I’ve started checking the film titles. Whether they are written correctly and without mistakes. All non-English-language film-titles translated. Les Petits Mouchoirs is Little White Lies. Loin des Hommes is Far from Men. Relatos Salvajes: Wild Tales. Marie Heurtin: Marie’s Story. Elddfjall: Volcano. And that is one side of data visualization. You must be an administrator, Sherlock Holmes, graphic designer, translator, animation designer and programmer at the same time. I have given the chart some more space. And the distance is increased to the lists of numbers. Which suddenly brings me to a new idea.

I now work in Processing 2. Its time to download the new Processing 3 and fund the Processing Foundation. That is the least I can do because I work daily with Processing. In Processing 3 you can use the Table Class. It’s easier to work with because everything is now in one text file.

The $ sign was added but I do not find it successful. Maybe find another solution. Right now you do not see what the amounts of the lists are. I know that the left-hand amounts are for the budget. The right column represents the amount of income.

Because ‘Interstellar’ is misrepresented I have thrown this film out. I think the columns should have proper labels. And I need room for doing that. I have also added the sequence of 0-10 to the right. The numbers 0-10 represent the ratings we have given to the films. The idea is that I’m once again going to draw the lines but now from the income-list to our ratings.

I have adapted the total graph a bit. Lines start and stop now slightly closer to the lists of numbers.
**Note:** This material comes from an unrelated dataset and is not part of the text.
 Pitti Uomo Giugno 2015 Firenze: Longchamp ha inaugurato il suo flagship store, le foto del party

I have added the vertical text ‘Amounts in American Dollars’. The overall chart remains somewhat chaotic but I think the result is not disappointing.
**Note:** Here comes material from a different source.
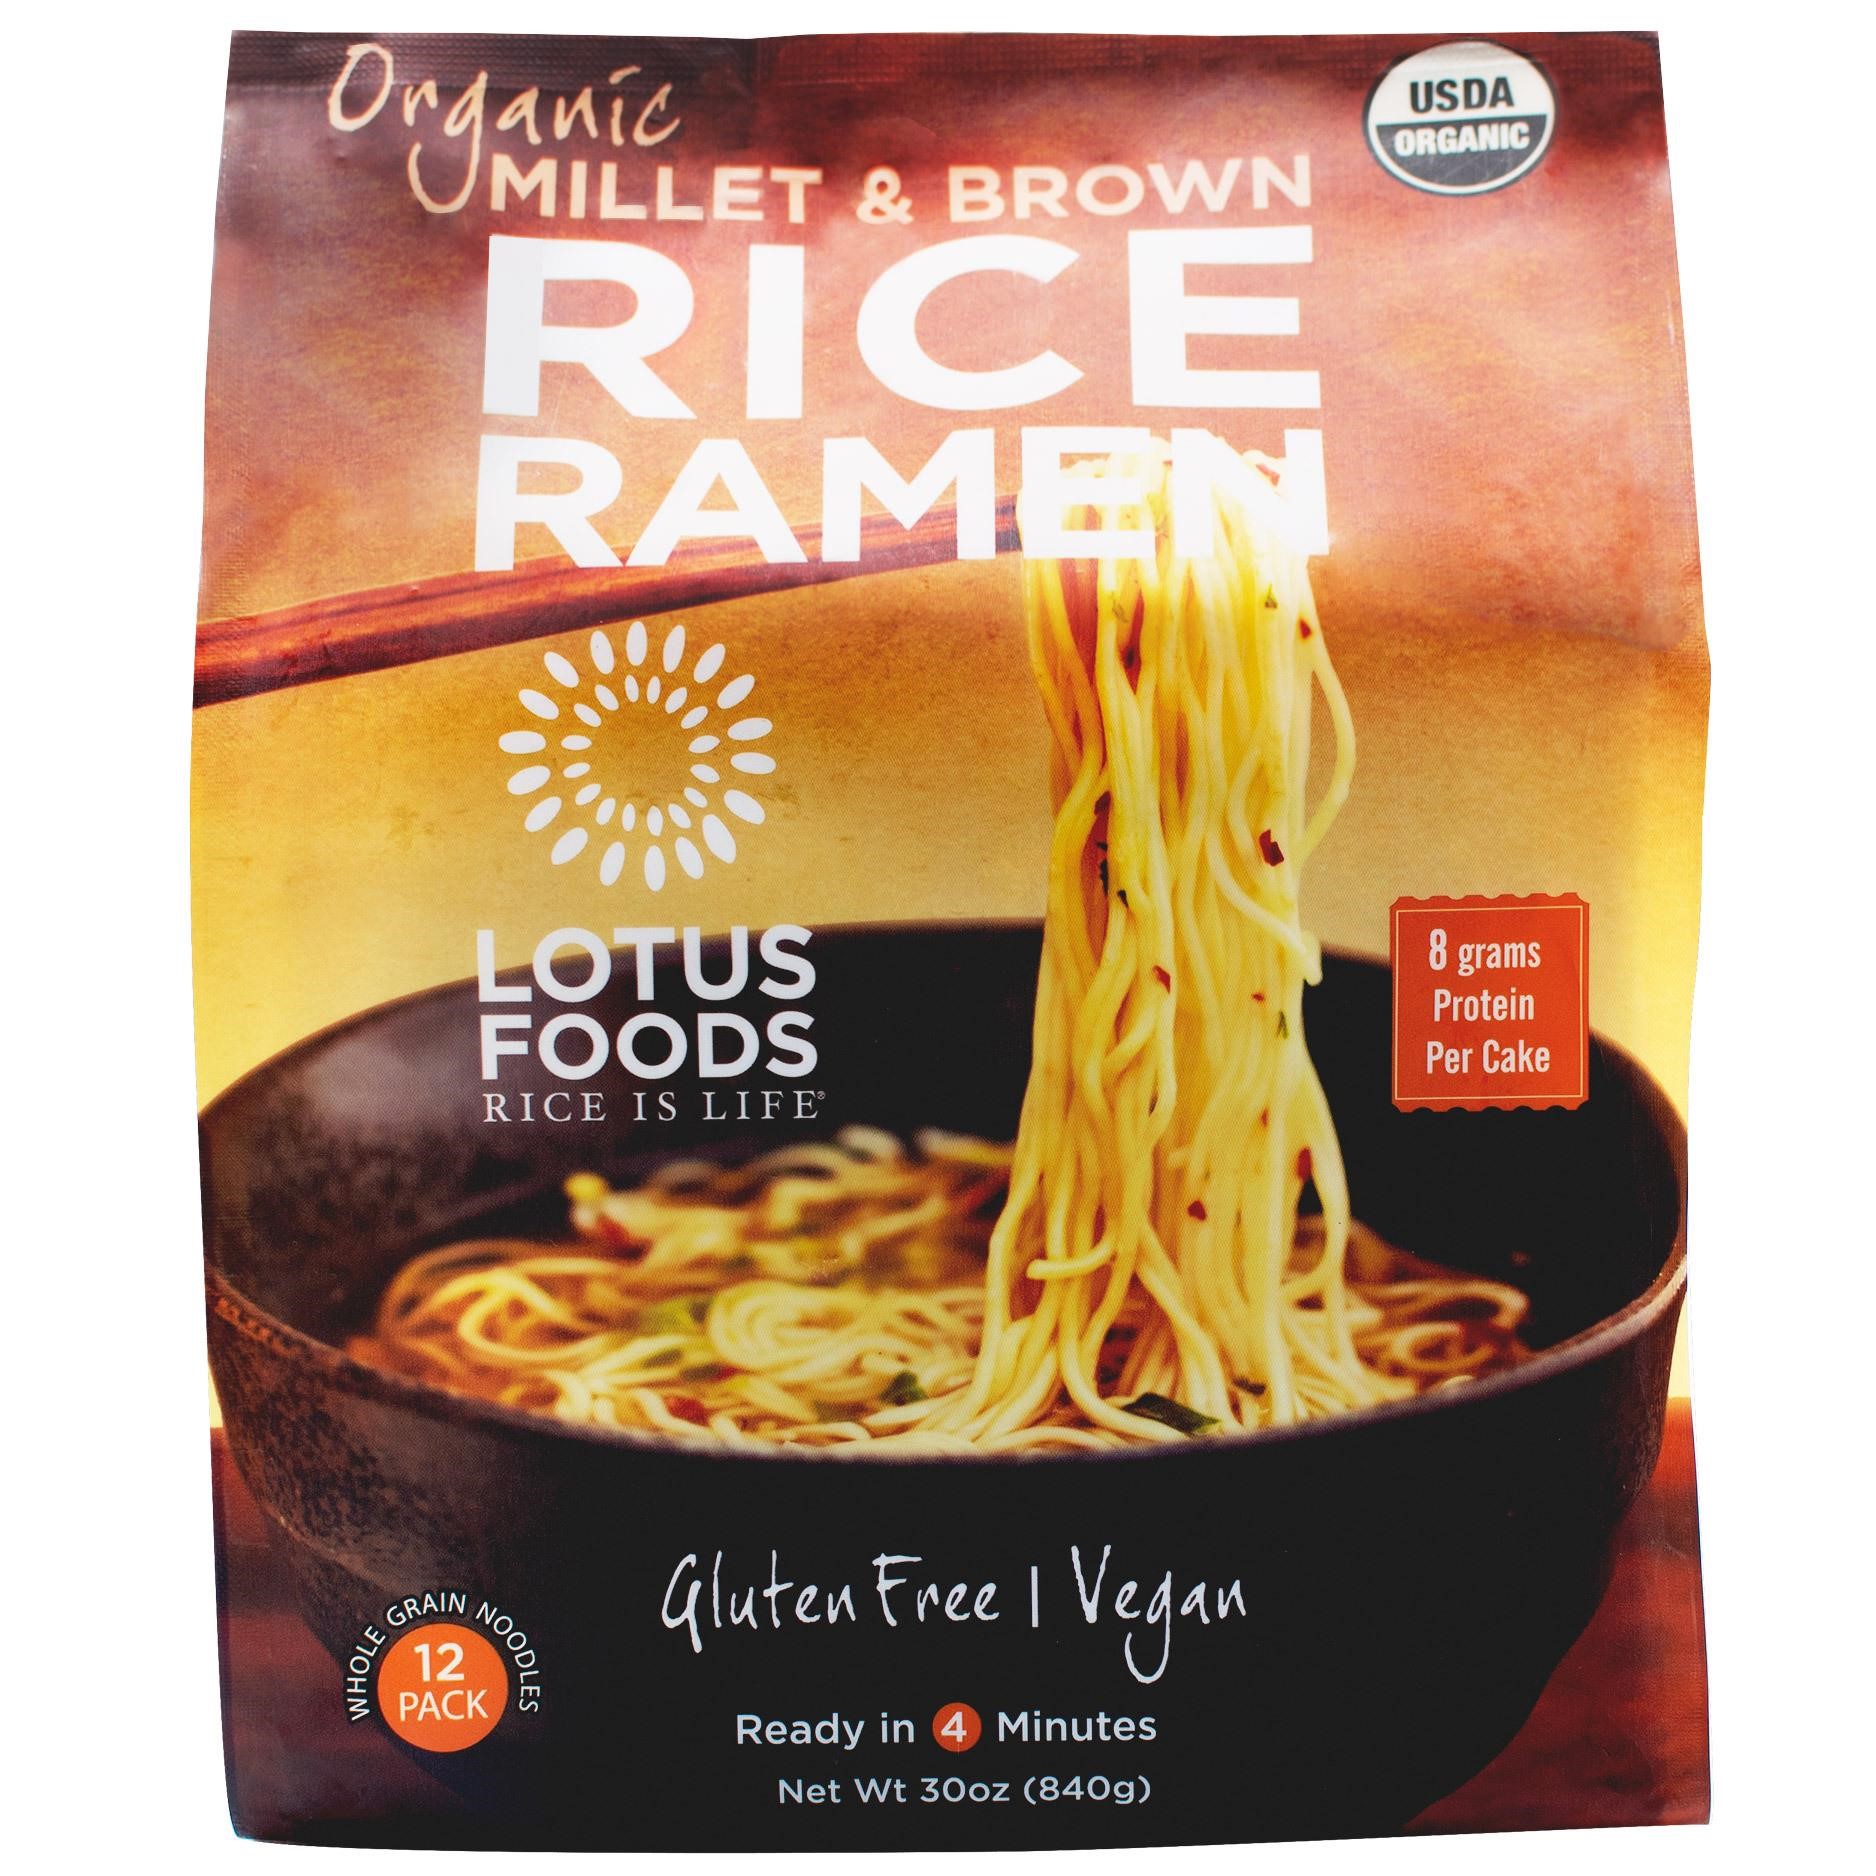 Lotus Foods Organic Millet Rice Ramen, 12 ct

Added colour. I chose green for the films that cost less than their revenue. And I choose red for the films that have cost more than their revenue. Now the graph begins to show a disadvantage. Because the lines are thicker it is difficult to see to what amounts they belong.
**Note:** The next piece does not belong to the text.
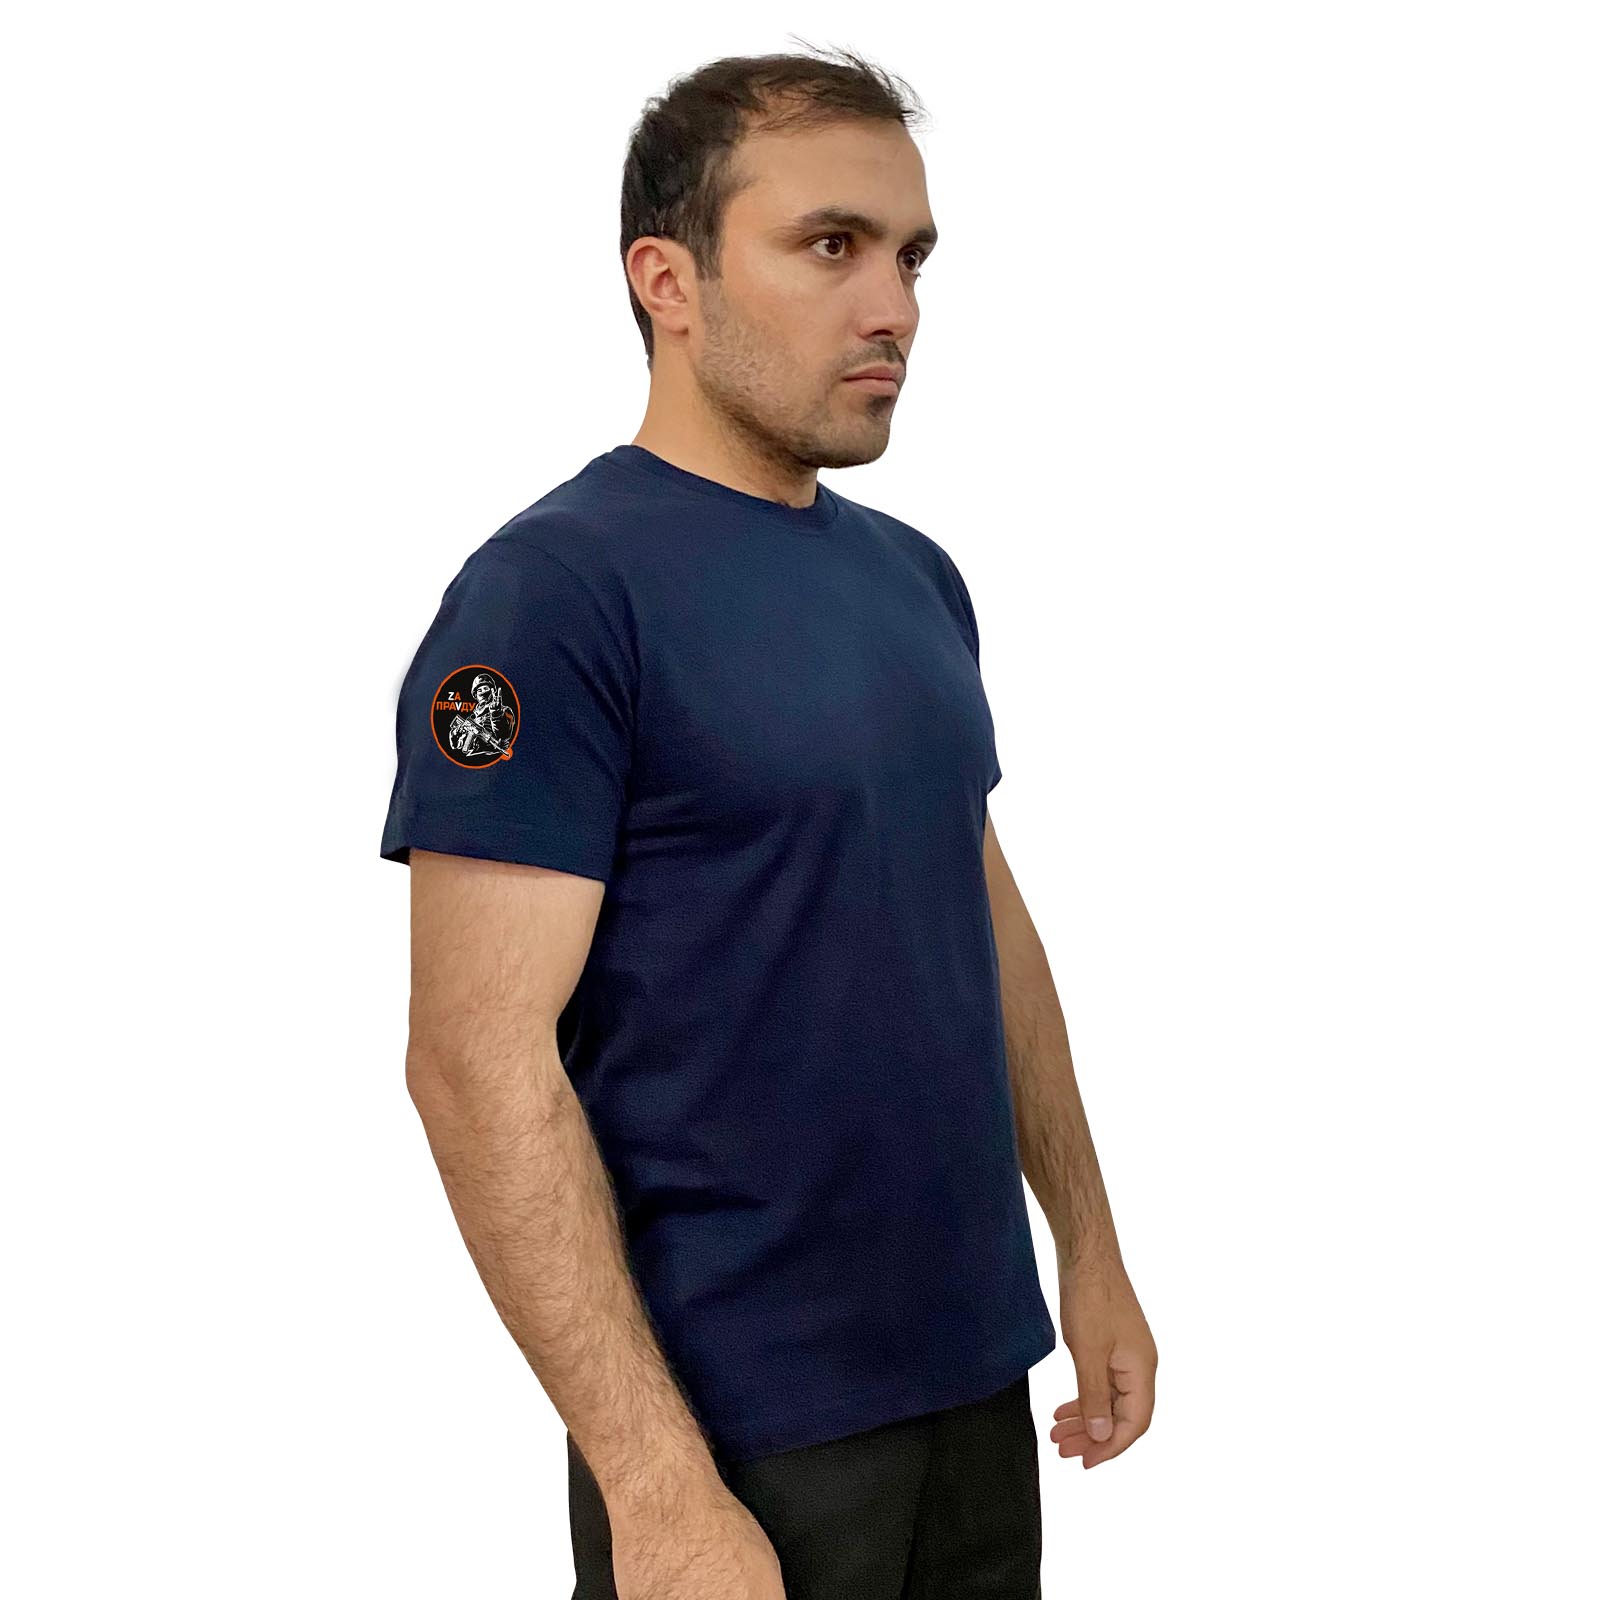 Тёмно-синяя футболка с термопереводкой "Zа праVду" на рукаве

I replaced the line function by the bezier function. Now it is better to see which amount belongs to which line. And the overall chart looks slightly smoother. Of the 64 films, 26 films have made a loss. 38 Films have made profits. Mr. Turner eventually made losses but was still on top of our rating. Locke is a movie made for 2,000,000 dollar. It made a profit of 5,000.000 dollar and received a 10 in our rating. The Salvation has cost 11,524.796 dollar. To our knowledge it has brought 5000 dollar (which I strongly doubt). But it still gets a 7 in our rating. In short, data visualization is very interesting, very time-consuming and precise puzzling. Actually I had to code the program much smarter. But that would cost even more time.